[M3devel] LLVM backend?

Fri Mar 29 17:58:54 CET 2013

For me, the best debugger architecture still remains the one
designed by D.R.Hanson:

http://research.microsoft.com/pubs/69690/tr-99-04.pdf

platform-independent and easy to implement.

From: Jay K 
Sent: Friday, March 29, 2013 5:09 PM
To: Rodney M. Bates ; m3devel 
Subject: Re: [M3devel] LLVM backend?

This doesn't completely make sense to me.
But it is kind of what I expected and desire.

The debug format isn't the point.
parse.c should have no knowledge of dwarf vs. stabs vs. coff vs. xcoff
vs. codeview vs. vms vs. anything else.
It just happens that the authors found a private channel in stabs.
Ideally any debug format used by any C compiler can fully describe C,
and Modula-3.

The way it (any gcc frontend) is supposed to work is you describe
the types using a compiler-internal form, and that gets translated
into whatever the user requests that is supported.
The primary limit as to what gcc can do is probably the object file format.

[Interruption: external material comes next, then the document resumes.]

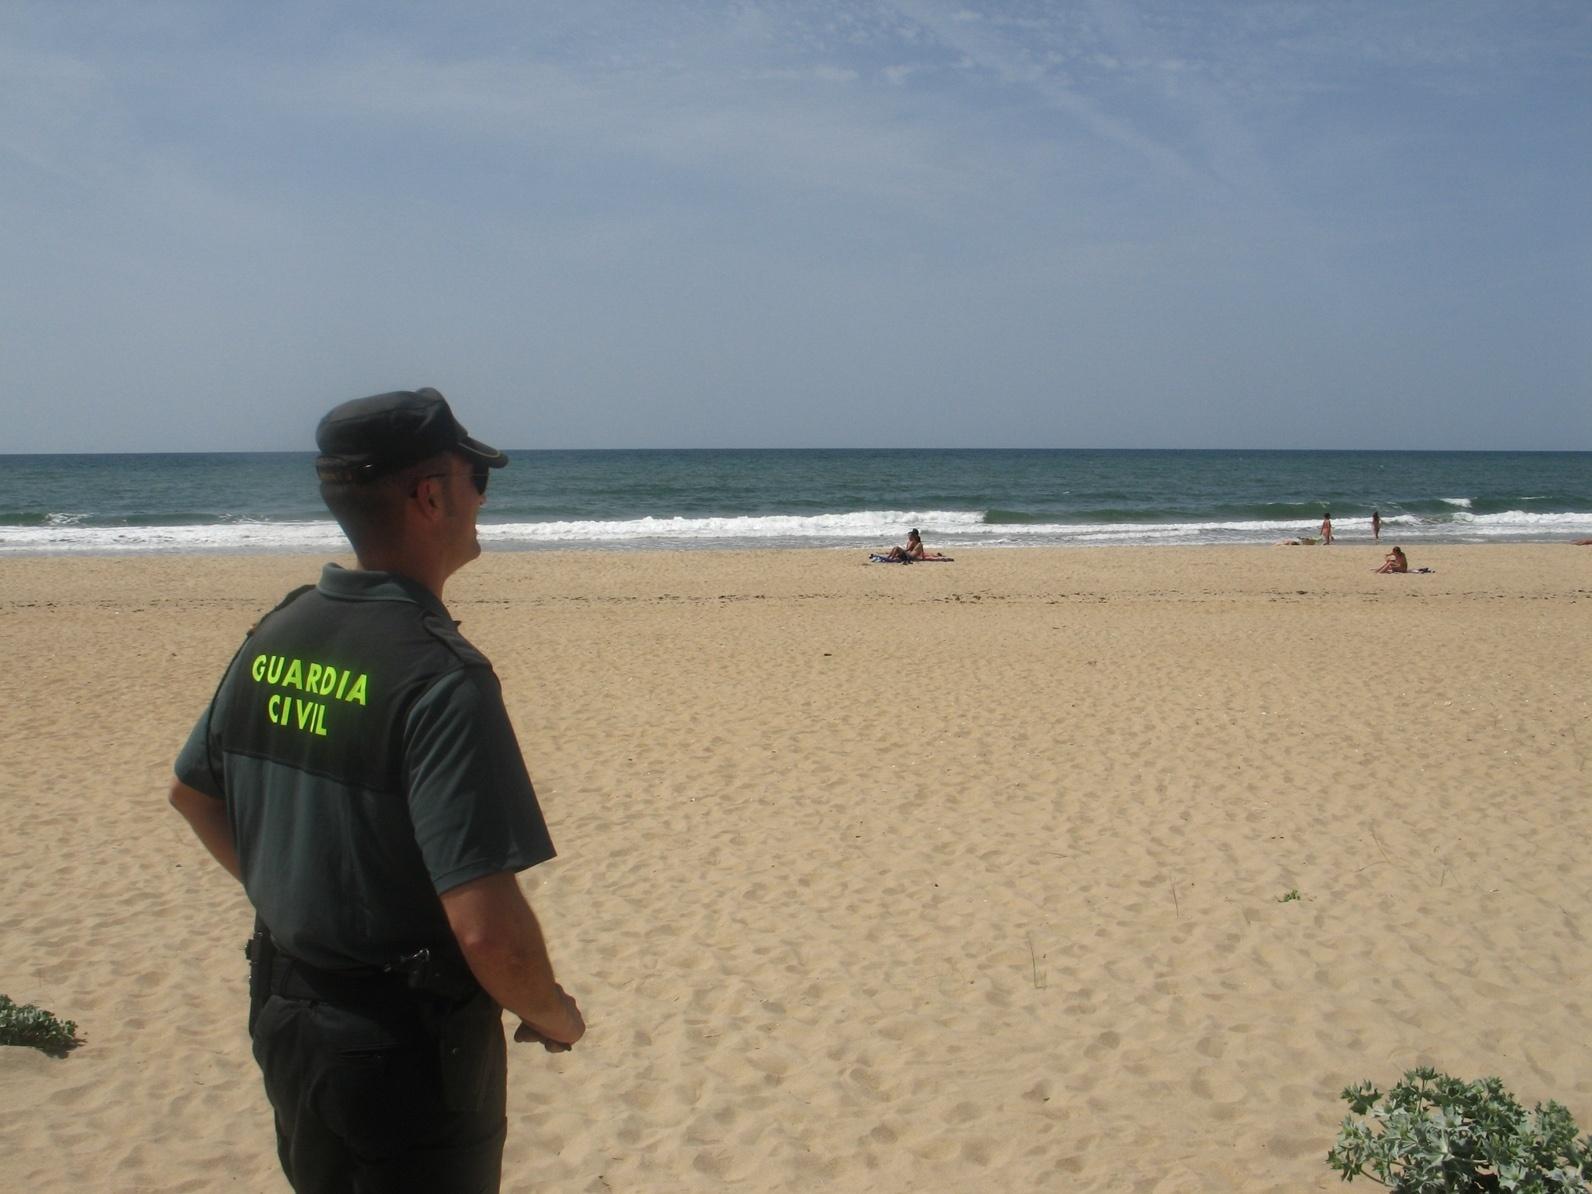 Rescatadas mediante una cadena humana dos personas que se estaban ahogando en la playa de la Bota, en Punta Umbría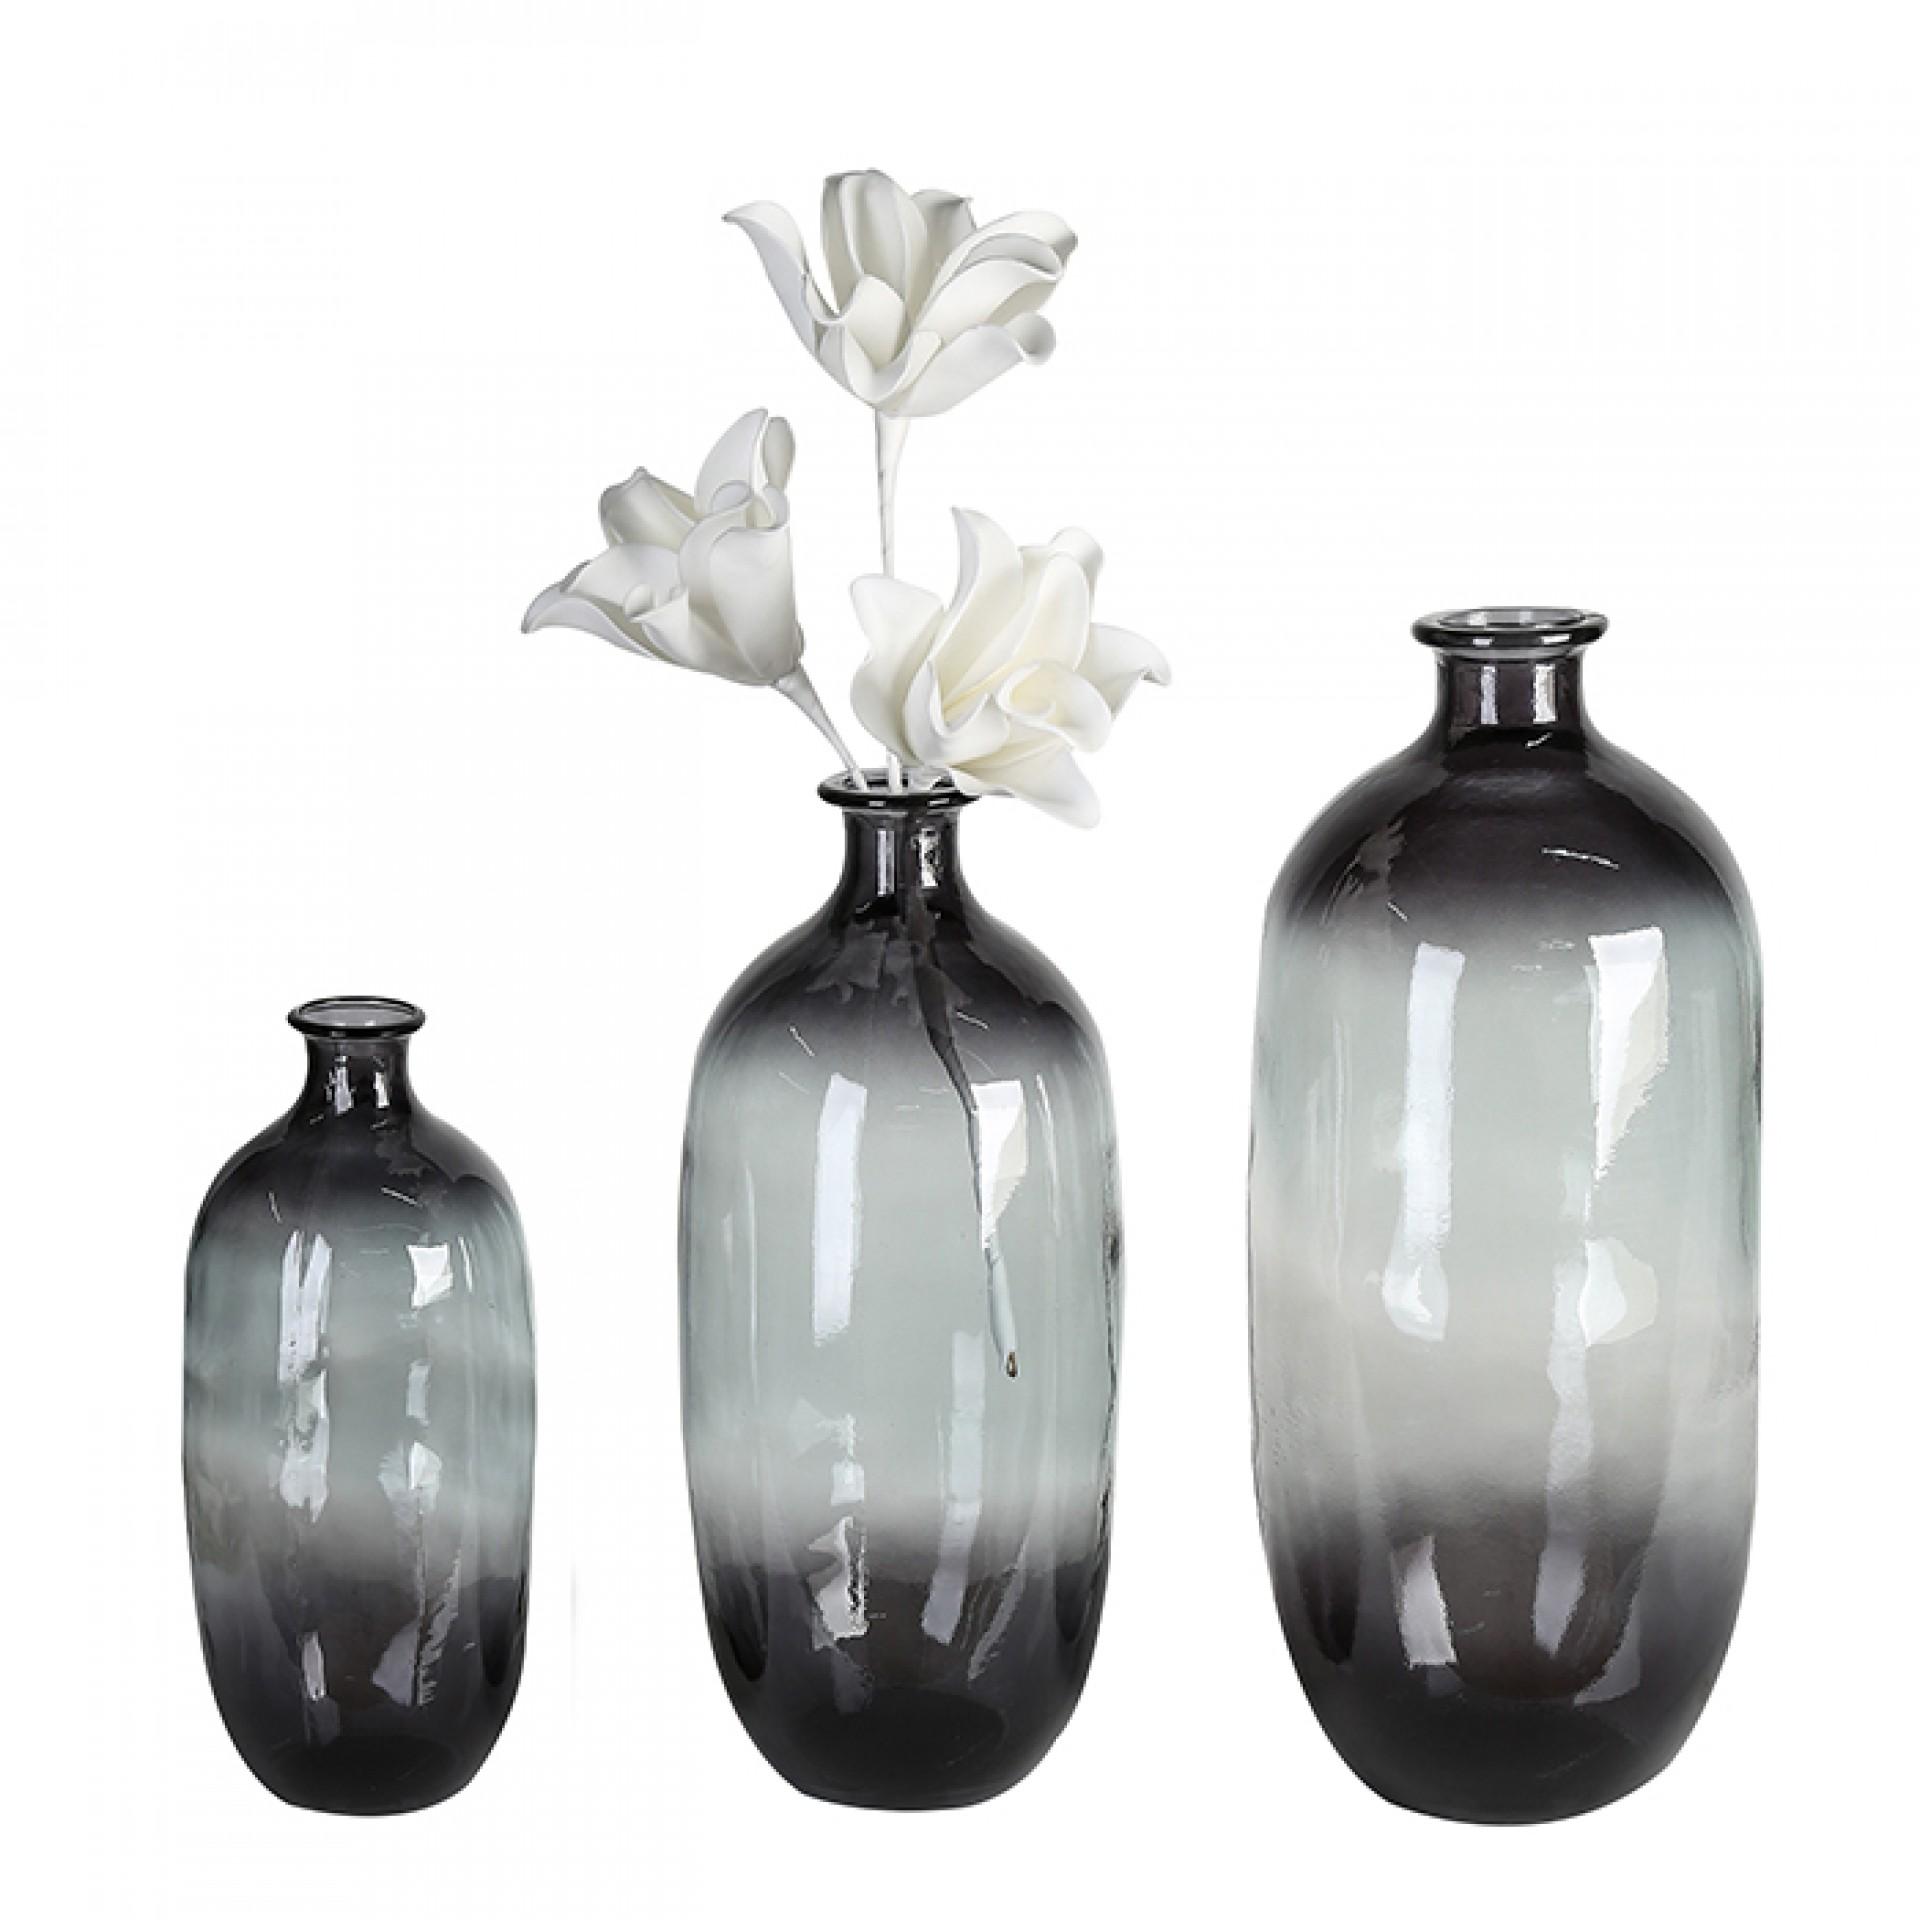 Váza z recyklovaného skla Laica, 31 cm, šedá

Any backend without a private channel to the debugger, i.e. the C backend
as well as an LLVM backend, will have degraded debugging.

Perhaps a private channel can be found either way though.
Like, gcc does have this "tfile" thing where after compilation,
a separate tool goes over the .S file and makes changes.
Ideally we don't have intermediate .S files though.

Now, on Windows, for cdb/ntsd/windbg/kd, you can write debugger plugins.
.dlls loaded by the debugger that have full access to symbols.
They are often very helpful, and would surely help here.

I do wonder if it is worth changing TEXT for debuggability.
Like, say, to always be flat, no trees, and always nul terminated:
(actually I'd always write two zero bytes, in case of viewing the ascii as unicode)

#define TEXT_FLAGS_UNICODE (0x00000001)
#define TEXT_FLAGS_CONSTANT (0x00000002)

typedef struct {
    size_t flags;
    size_t length;
    union {
        char* ascii;
        wchar_t* unicode;
    } data;
} *TEXT;

 ? 

If we had merely that -- a more debugger/C-idiomatic representation
for TEXT, would m3gdb's advantages decline significantly?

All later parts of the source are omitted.